I’m preparing for my second 24hr time trial, which takes place on 21st – 22nd July 2018, and its making me think about how I found myself competing in such a challenging sporting event. Those who have met within the last 5 years, will undoubtedly see me as a cyclist, but it’s not something I’ve grown up with, it’s something that I’ve grown into.
Although I have always liked being outdoors and exploring, I wasn’t a particularly ‘sporty’ child. I was actually the lad who’d always get picked last for playground games of football, and to be honest, I wouldn’t have picked me first either! The complexity of football proved to be too much of a challenge for me. I always had difficulty remembering who was on what team and which way I was supposed to be shooting, so when you add trying to stay upright, remembering complicated rules and all of the skills and techniques that I needed, it just resulted in overload!
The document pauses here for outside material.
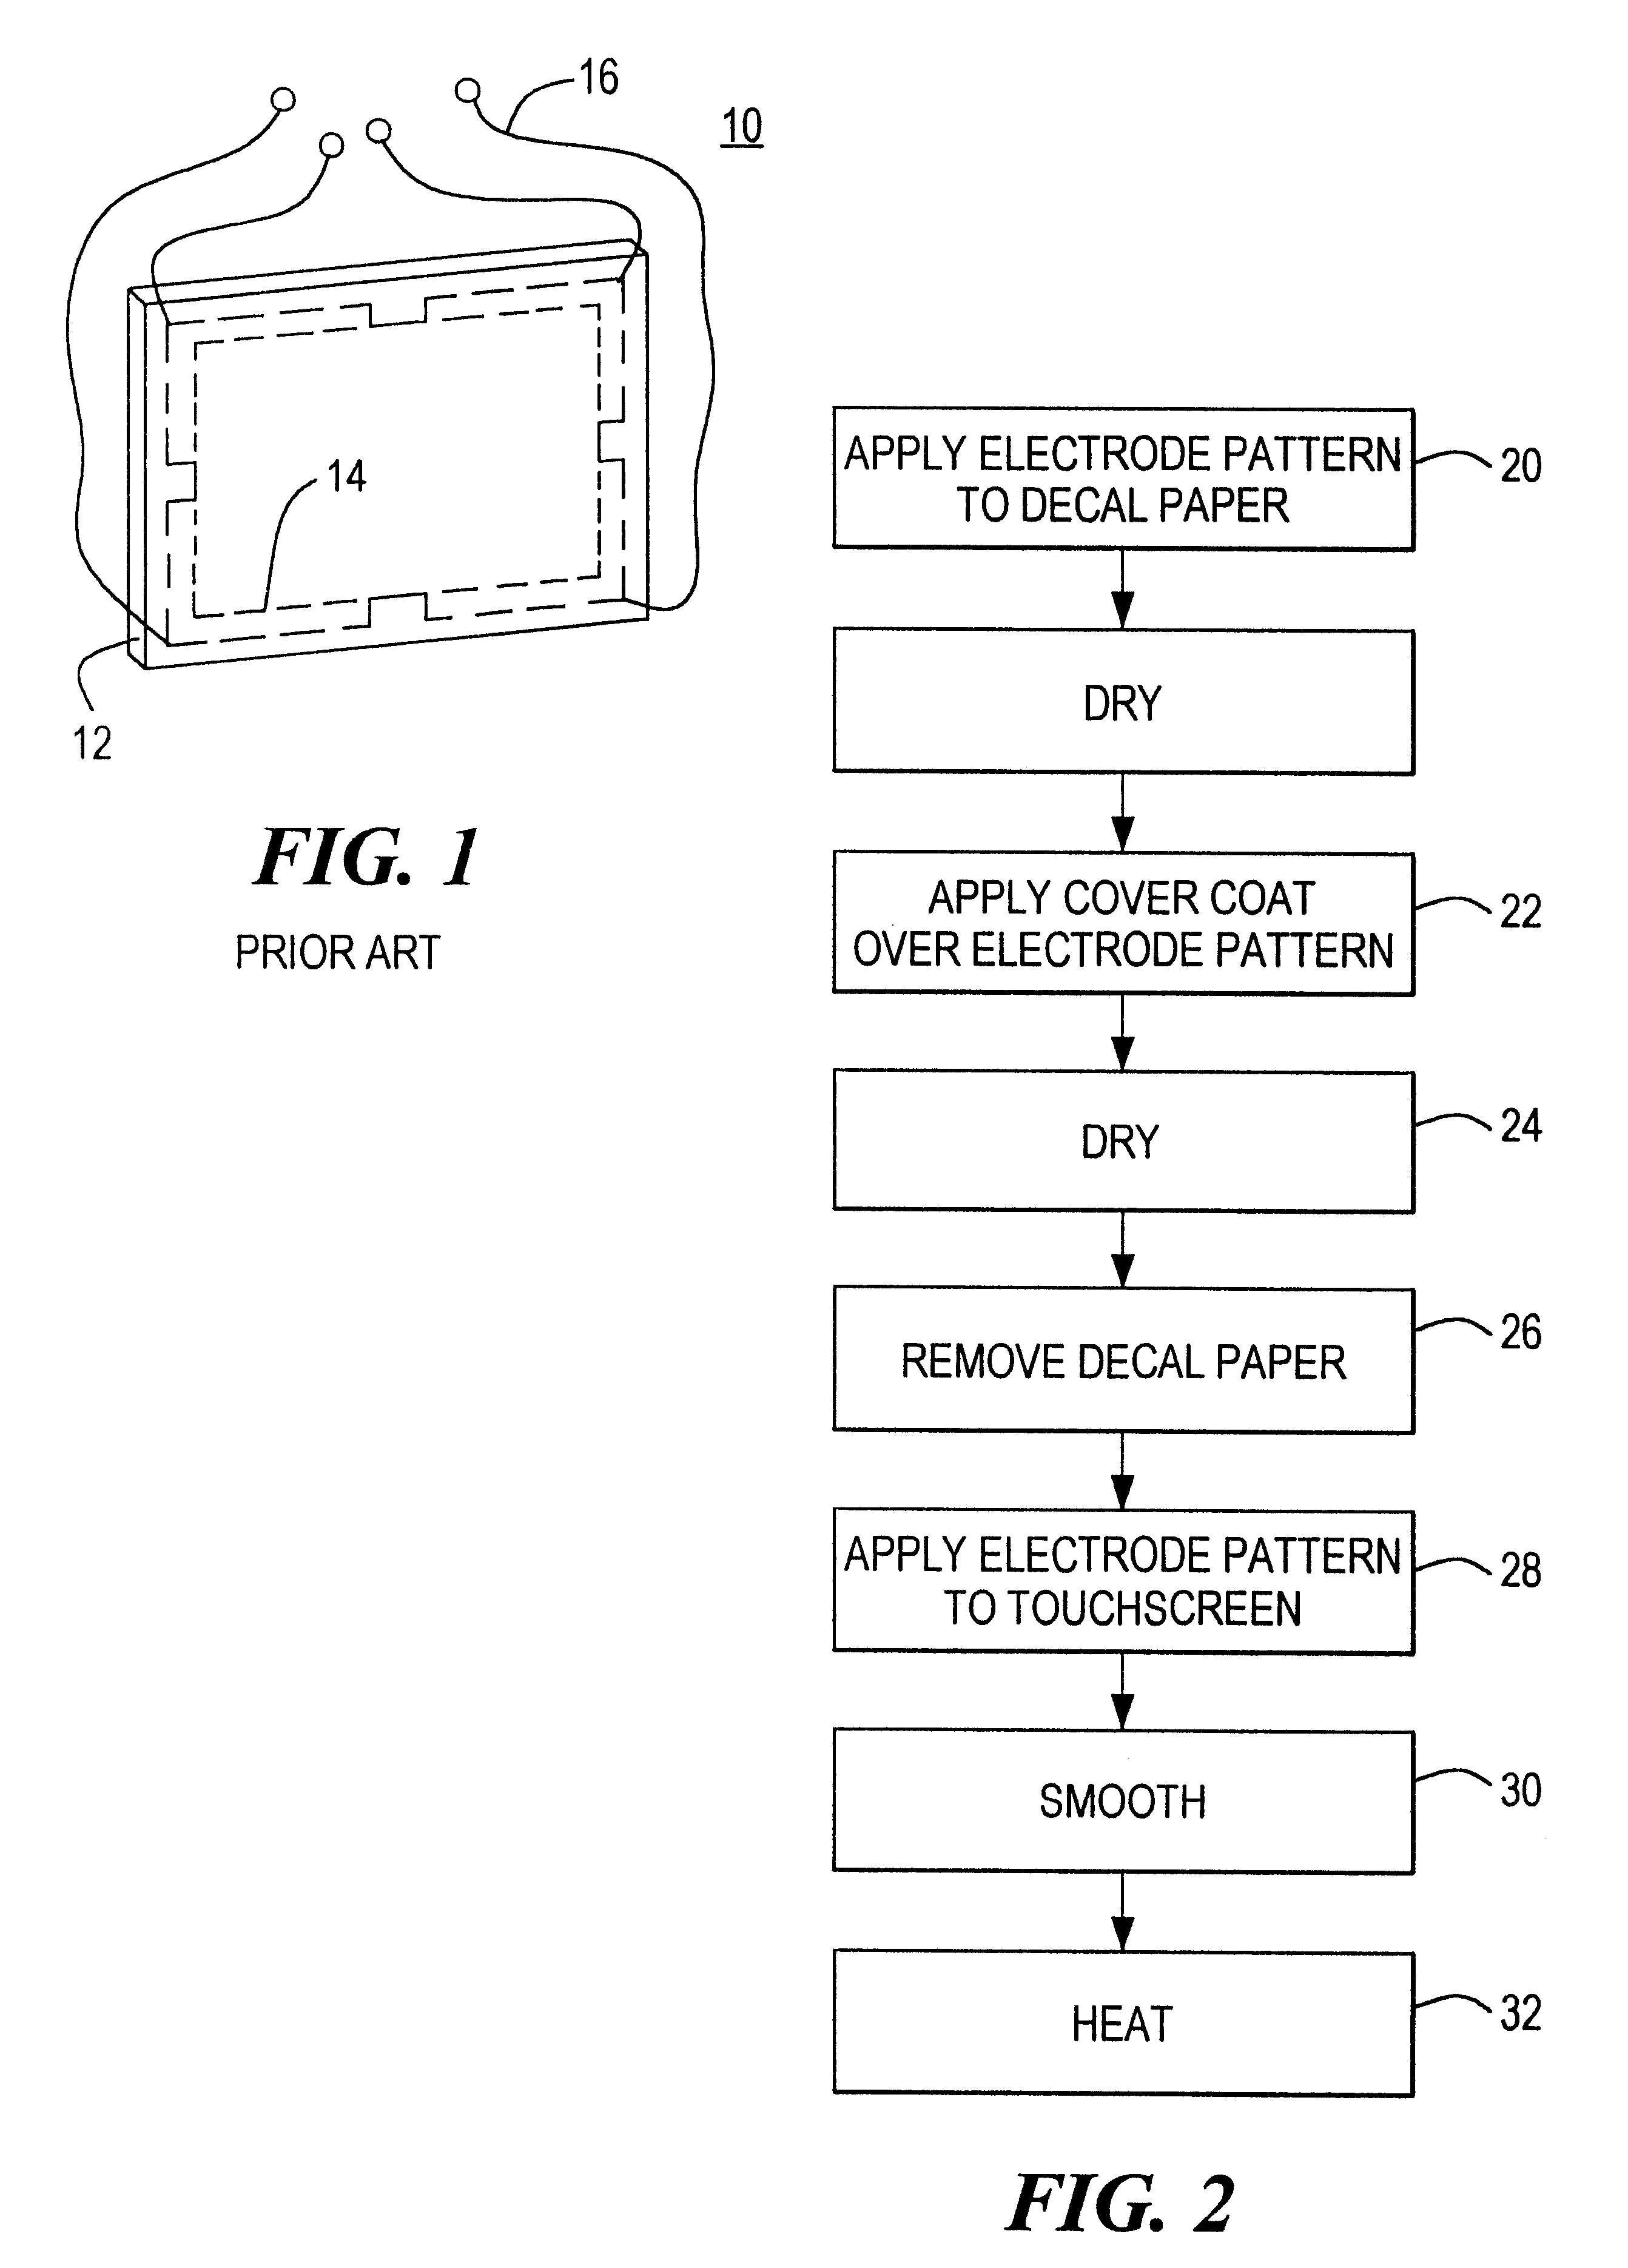 Method of applying an edge electrode pattern to a touch screen and a decal for a touch screen

20 years ago, at 14 years old, I learned that I am Dyslexic and that this is the reason why I found some tasks much more taxing than my peers (I found out much later that my particular SpLD has much more in common with Dyspraxia, which explains my schoolboy football prowess!) Learning this about myself, developing strategies to cope and engaging with the support that I received at school and at home led me to become interested in how we learn and differences in the ways people achieve and succeed. This ultimately led to me training to teach and pursuing a career in SEN and SEBD teaching. A-Levels and a degree course were significantly challenging and at times frustrating, but ultimately achievable with a lot of determination. Teaching at a Pupil Referral Unit was a great fit for me as I got to concentrate on helping those who struggled to fit into the system for various reasons, which gave me a lot of job satisfaction. The education system is just that; a system: a machine that processes learners in order to produce qualifications. Issues arise with this when the components, or the materials don’t fit the original specification, for example if something is of a different shape, size, density etc. maybe these are the materials that need to be worked by hand…
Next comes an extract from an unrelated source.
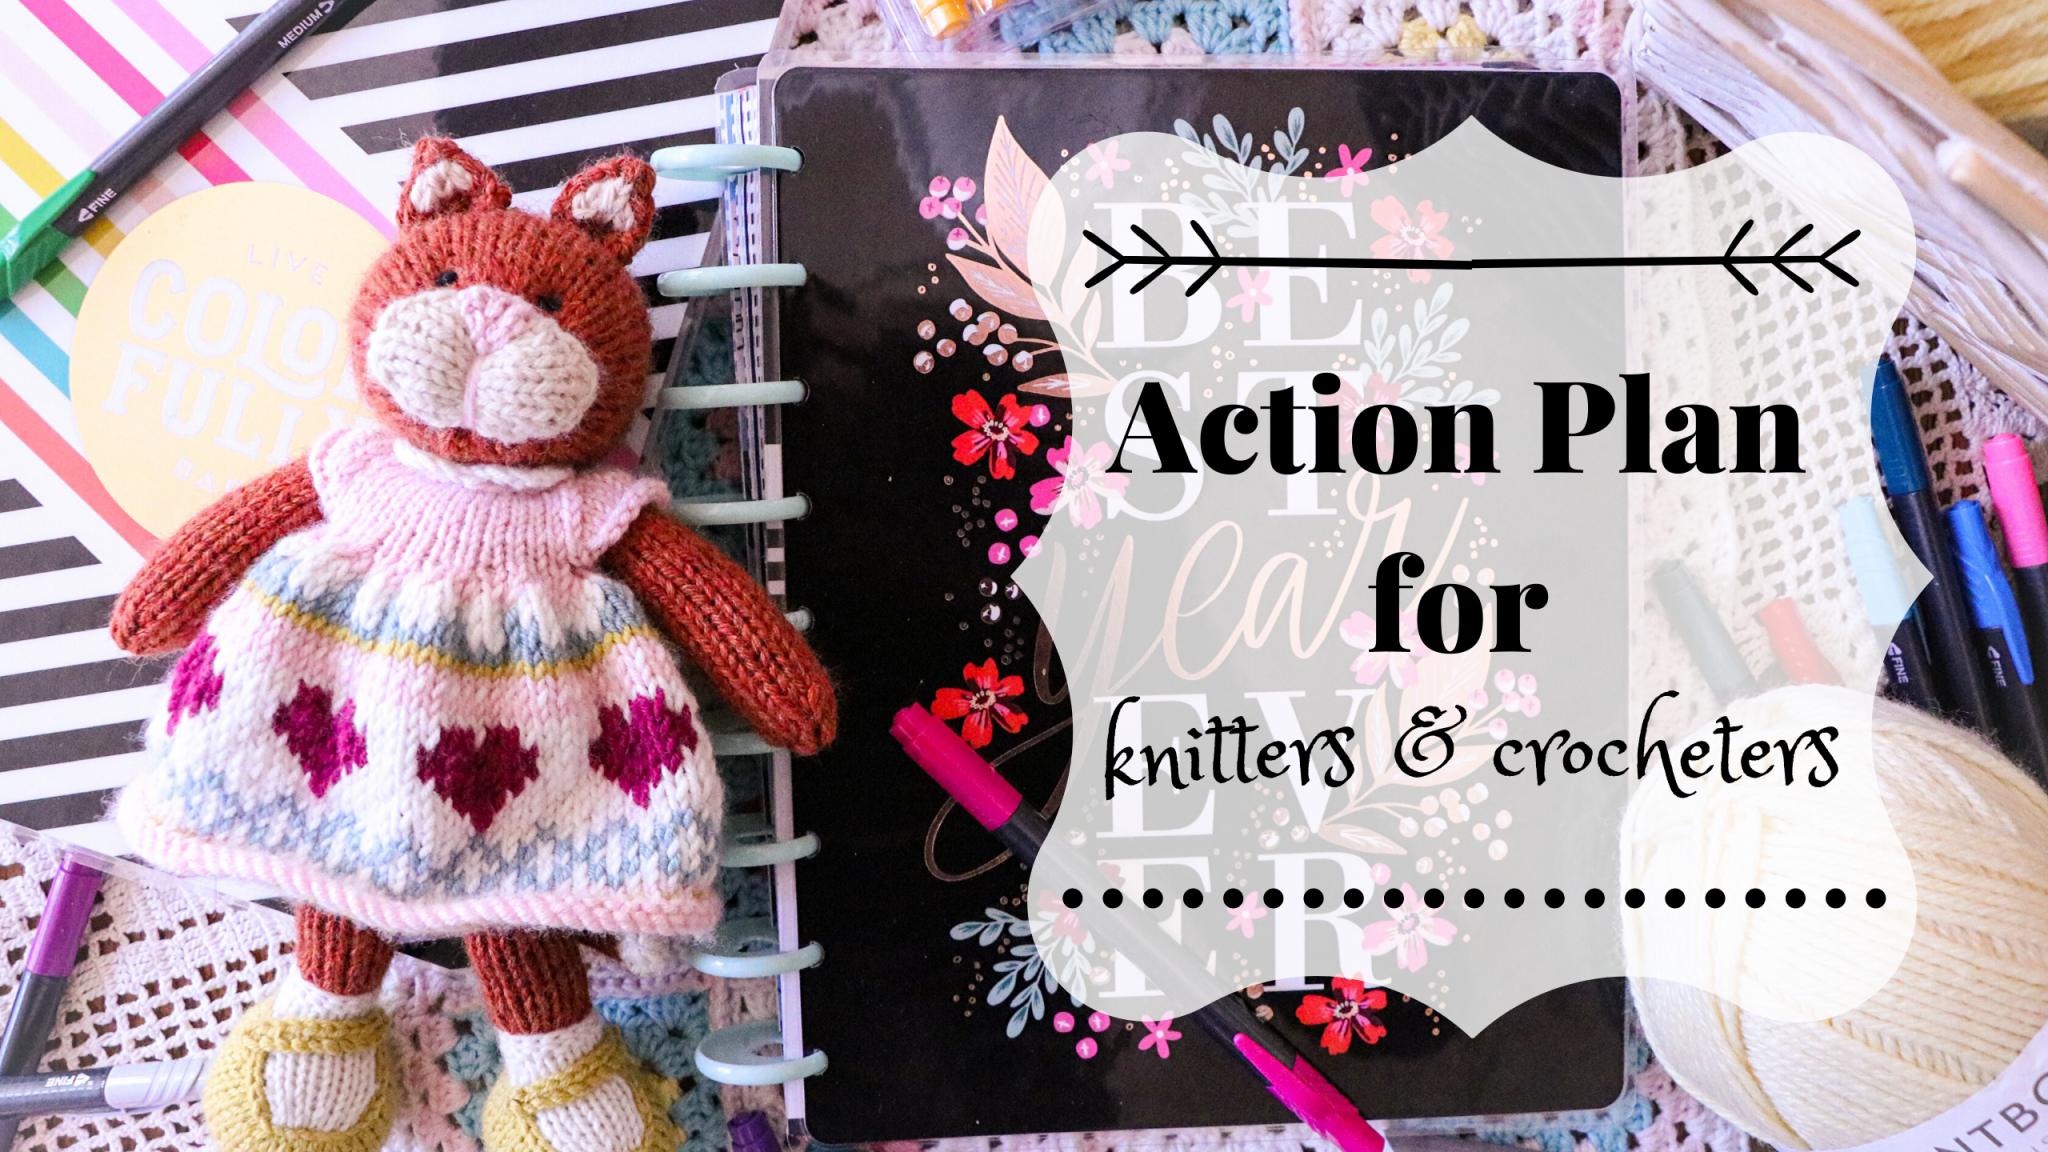 Action Plan for Knitters & Crocheters

Being of an irregular shape and size as a teacher, I always felt that the system should be developed further so that it can process everything, not just the regular. In short, I found that it doesn’t (well, not consistently anyway!). I had a few years of success and a few years of having my edges smoothed off to make me fit the system. Ultimately, my mental health suffered and I had a career change.
So, getting back to the cycling bit…
Riding my bike, along with other outdoors activities, has done wonders for my co-ordination, given me the space and time I need to organise my head and helped me to keep going when my mental health is suffering. Riding the 24 is a positive expression of what it has taken me to get through school with SpLD and to live with depression. I can compete in a discipline like this because of the experiences i have had: both positive and negative.
I appreciate all of the support i have received from my family and friends
I am grateful for all of the professionals who have helped me, both at school and with my mental health.
I don’t resent those who called me lazy, clumsy or told me to ‘pull myself together’
All of these experiences brought me to this point and without them, I might have ended up doing something ordinary!